Dénoncer l’Etat islamique et... refuser d’aider ses victimes
"Dénoncer l'horreur islamiste tout en refusant l'actuelle vague de demandeurs d'asile - les premières et véritables victimes de ce radicalisme – est incompatible, voire humainement incompréhensible". Un édito de Dorian de Meeûs.

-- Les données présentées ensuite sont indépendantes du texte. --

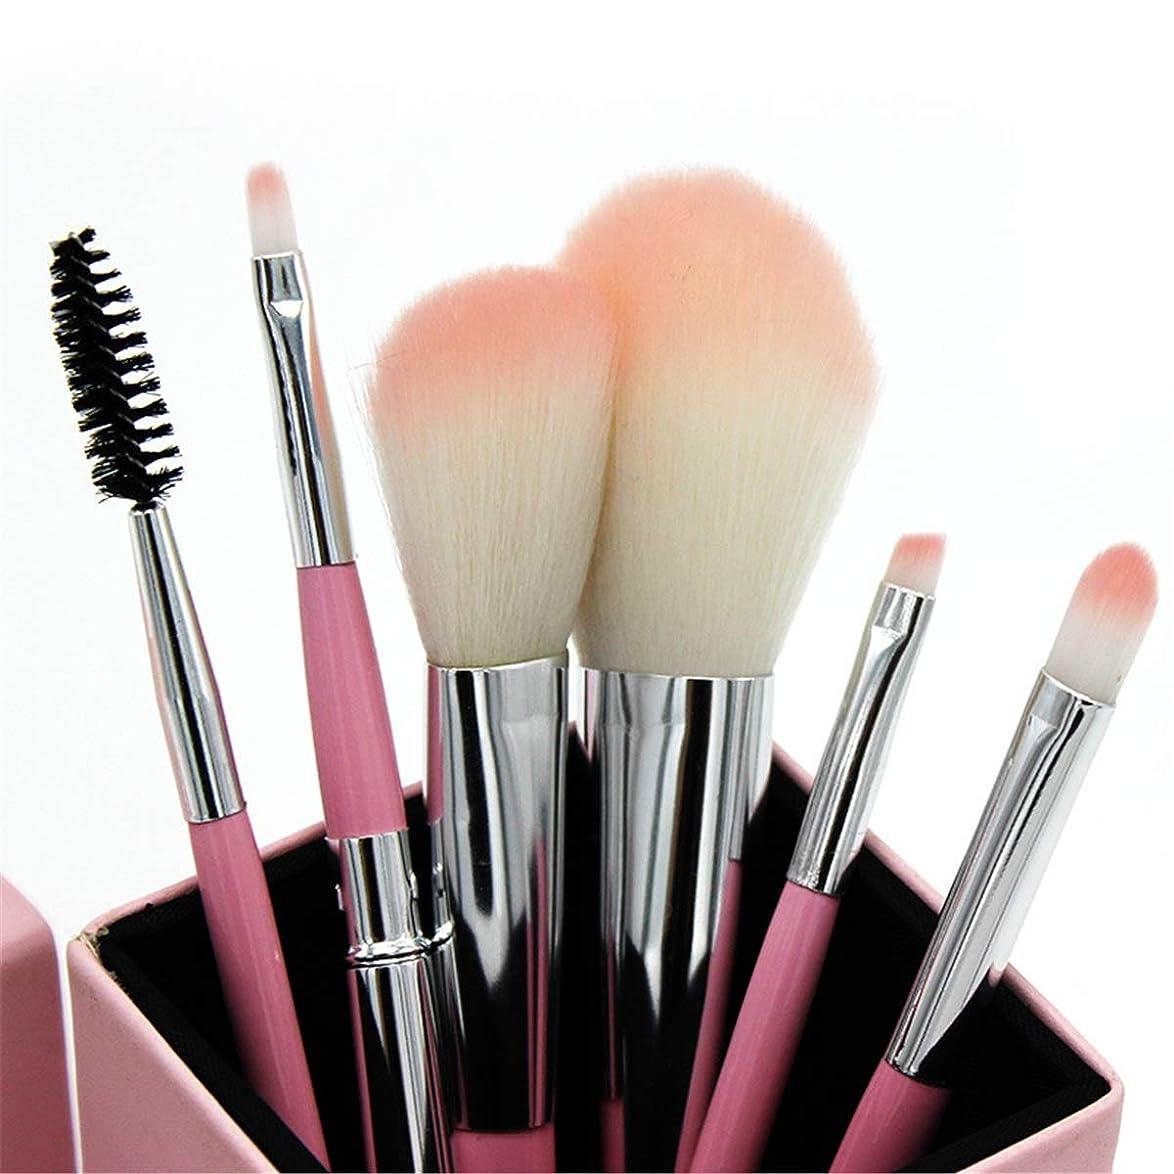 反対にだらしない目立つ化粧用品 新しい8ピース竹炭繊維ピンク化粧ブラシバレル美容メイク柔らかい髪化粧ツールチューブアイシャドウブラシ

- Publié le 04-09-2015 à 16h18
- Mis à jour le 05-09-2015 à 13h22
Un édito de Dorian de Meeûs
Il est Syrien. Père de famille, il vient de Kobané, ville détruite après avoir été à deux reprises un champ de bataille de l’Etat islamique. Actuellement, l’homme se réfugie en dessous d’un pont à côté de la gare de Budapest en Hongrie en attente d’un train pouvant l’emmener en Allemagne. Son témoignage se résume ainsi : "Je préfère mourir que retourner à Kobané dans les bras de l'Etat islamique qui veut nous torturer, nous pendre, nous tuer".
L’Etat islamique, dispersé partiellement en Irak et en Syrie, nous a presque habitués à ses horreurs : hommes brûlés vifs, femmes lapidées en public, enfants égorgés, macabres mises en scène d’homosexuels jetés depuis des sommets d’immeubles avant d’être achevés, cadavres mutilés, marchés d’esclaves sexuelles, chrétiens crucifiés, corps décapités,… La liste de l’horreur est infinie. Vu les atroces et violentes mises en scènes, les rédactions s’abstiennent souvent de diffuser certaines images pour ne pas entrer dans le piège tendu par Daech. Le groupe aspire à terroriser toujours plus la planète.
Dénoncer ces actes, condamner Daech, se révolter contre ces pratiques barbares, c’est facile depuis la Belgique. Mais voilà, les opposants les plus virulents à l’islamisme radical sur les réseaux sociaux sont souvent les plus fervents opposants à l’accueil des réfugiés chez nous. Ils devraient pourtant, au contraire, comprendre et soutenir ces populations qui sont prêtes à tout pour fuir ce théâtre macabre qu’ils dénoncent tant.
Dénoncer l'horreur islamiste tout en refusant l'actuelle vague de demandeurs d'asile - les premières et véritables victimes de ce radicalisme – est incompatible, voire humainement incompréhensible.
Fuir l’innommable folie guerrière
La principale crainte avancée est celle d’un risque de basculement de notre ‘vivre ensemble’, comme si ces quelques millions de réfugiés qui fuient les fous de dieu allaient bousculer notre société européenne de plus de 500 millions d’habitants. Au contraire, ils pourront témoigner de l’horreur de ce radicalisme sans issue qu’ils ont vécu et fui. Ce sont des témoins vivants de faits en cours. Ils ont un devoir de mémoire envers leurs proches restés dans les campagnes et villes syriennes. S’ils étaient favorables à l’objectif final de Daech, ils seraient restés sur place au lieu de risquer leurs vies sur des zodiacs dégonflés.
Inutile de se voiler la face, une telle phobie existe et est de plus en plus répandue parmi les citoyens selon les enquêtes d’opinion. Certes, "on ne peut accueillir toute la misère du monde" quand la précarité est déjà un fléau dans nos régions, mais on doit pouvoir accepter un effort exceptionnel pour donner un espoir à ces milliers de personnes qui ont fui l’innommable folie guerrière sans aucune aide des pays du Golfe. Puis, verser une larme devant une photo qui fait le tour du monde ne résout (malheureusement) rien…
Comme on l’a constaté ces derniers mois avec les départs de jeunes en Syrie et des attentats réussis ou manqués, l’échec partiel du ‘vivre ensemble’ alimente sans doute une partie de la xénophobie et du repli sur soi. C’est pourquoi il est temps d’oser en parler franchement et lui donner les conditions de sa réussite.